◆ Exercise data
◇ ◇ ◇ ◇
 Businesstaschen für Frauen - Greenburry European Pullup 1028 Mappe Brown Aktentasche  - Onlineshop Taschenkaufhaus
◇ ◇ ◇ ◇
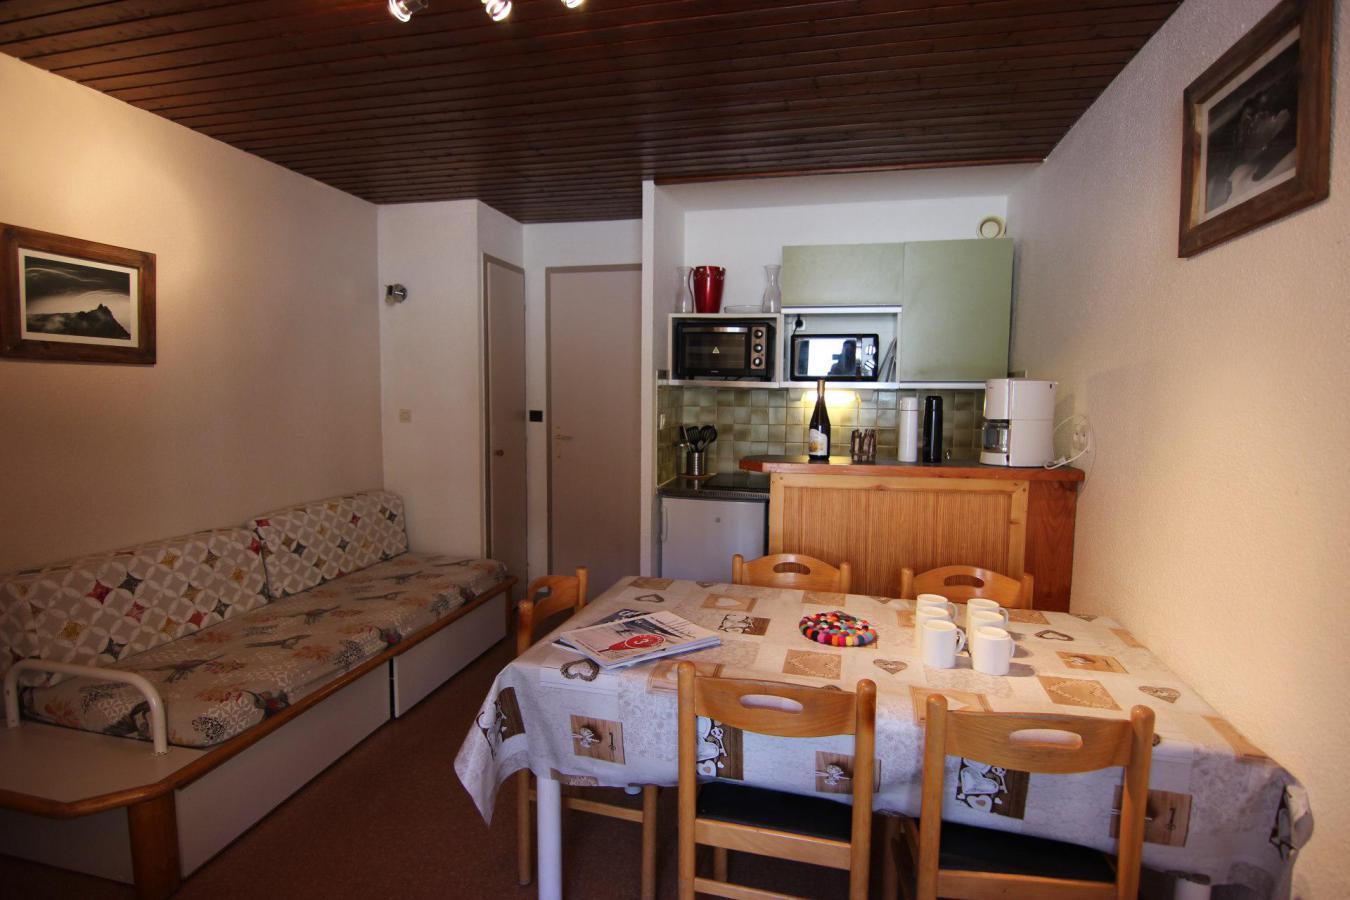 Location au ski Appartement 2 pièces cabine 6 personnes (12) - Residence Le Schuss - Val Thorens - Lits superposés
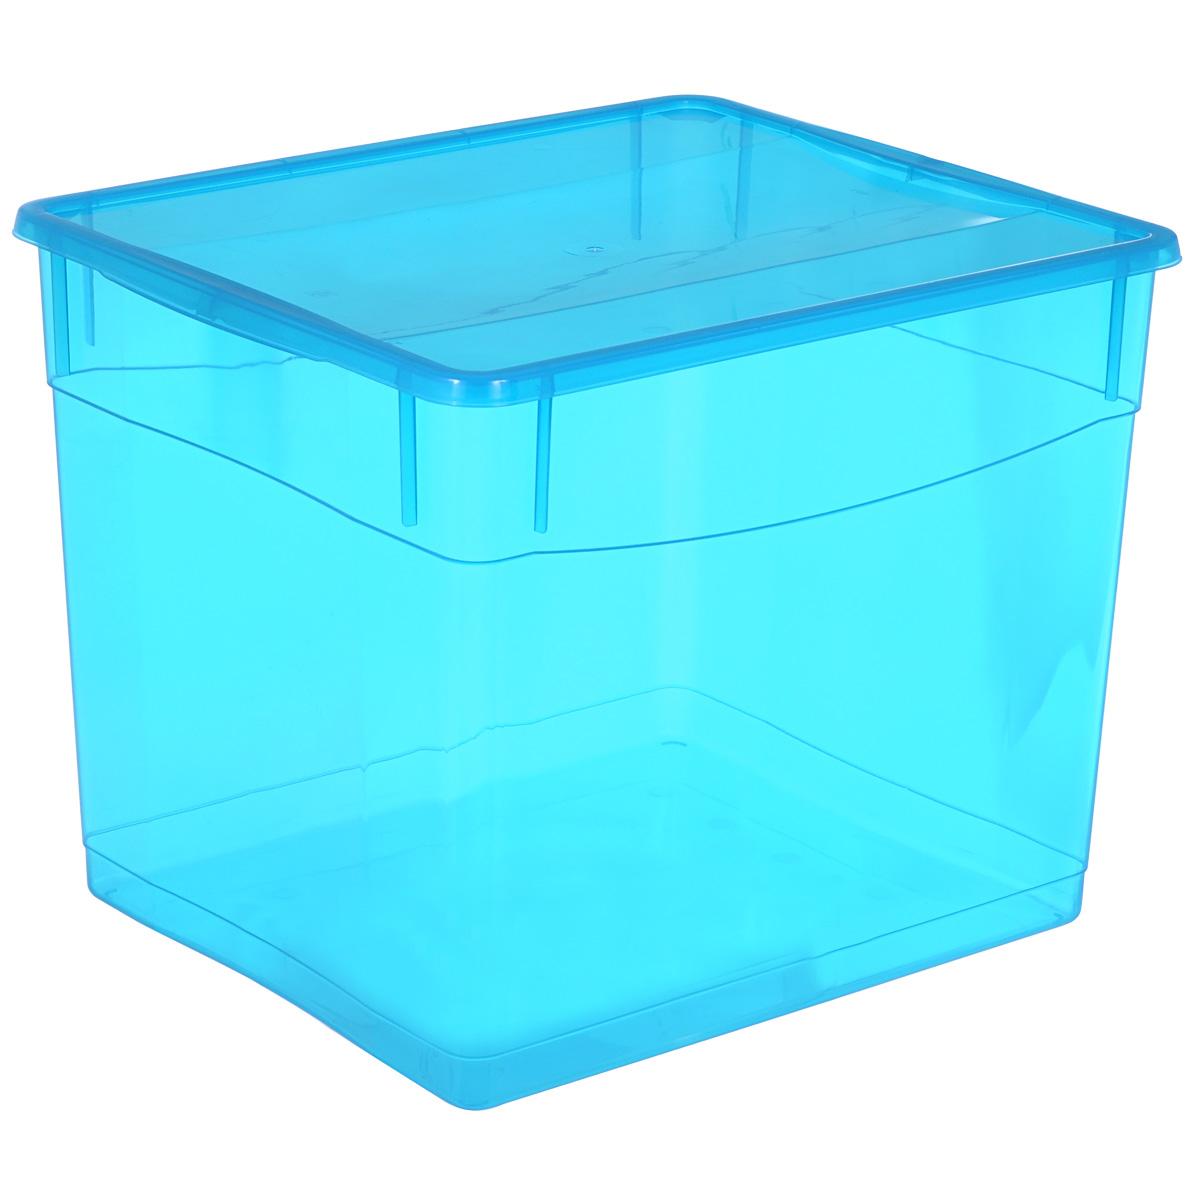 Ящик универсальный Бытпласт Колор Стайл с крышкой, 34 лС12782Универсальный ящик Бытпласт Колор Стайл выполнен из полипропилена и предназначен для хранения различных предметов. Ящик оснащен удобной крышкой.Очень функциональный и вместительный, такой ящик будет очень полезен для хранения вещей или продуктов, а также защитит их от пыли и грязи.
◇ ◇ ◇ ◇
Looking at the listing above, which lines run from the one containing "Location au ski" through the one containing "Ящик универсальный Бытпласт"? Print exactly those, ends included, pictures excluded.

 Location au ski Appartement 2 pièces cabine 6 personnes (12) - Residence Le Schuss - Val Thorens - Lits superposés
 Ящик универсальный Бытпласт Колор Стайл с крышкой, 34 лС12782Универсальный ящик Бытпласт Колор Стайл выполнен из полипропилена и предназначен для хранения различных предметов. Ящик оснащен удобной крышкой.Очень функциональный и вместительный, такой ящик будет очень полезен для хранения вещей или продуктов, а также защитит их от пыли и грязи.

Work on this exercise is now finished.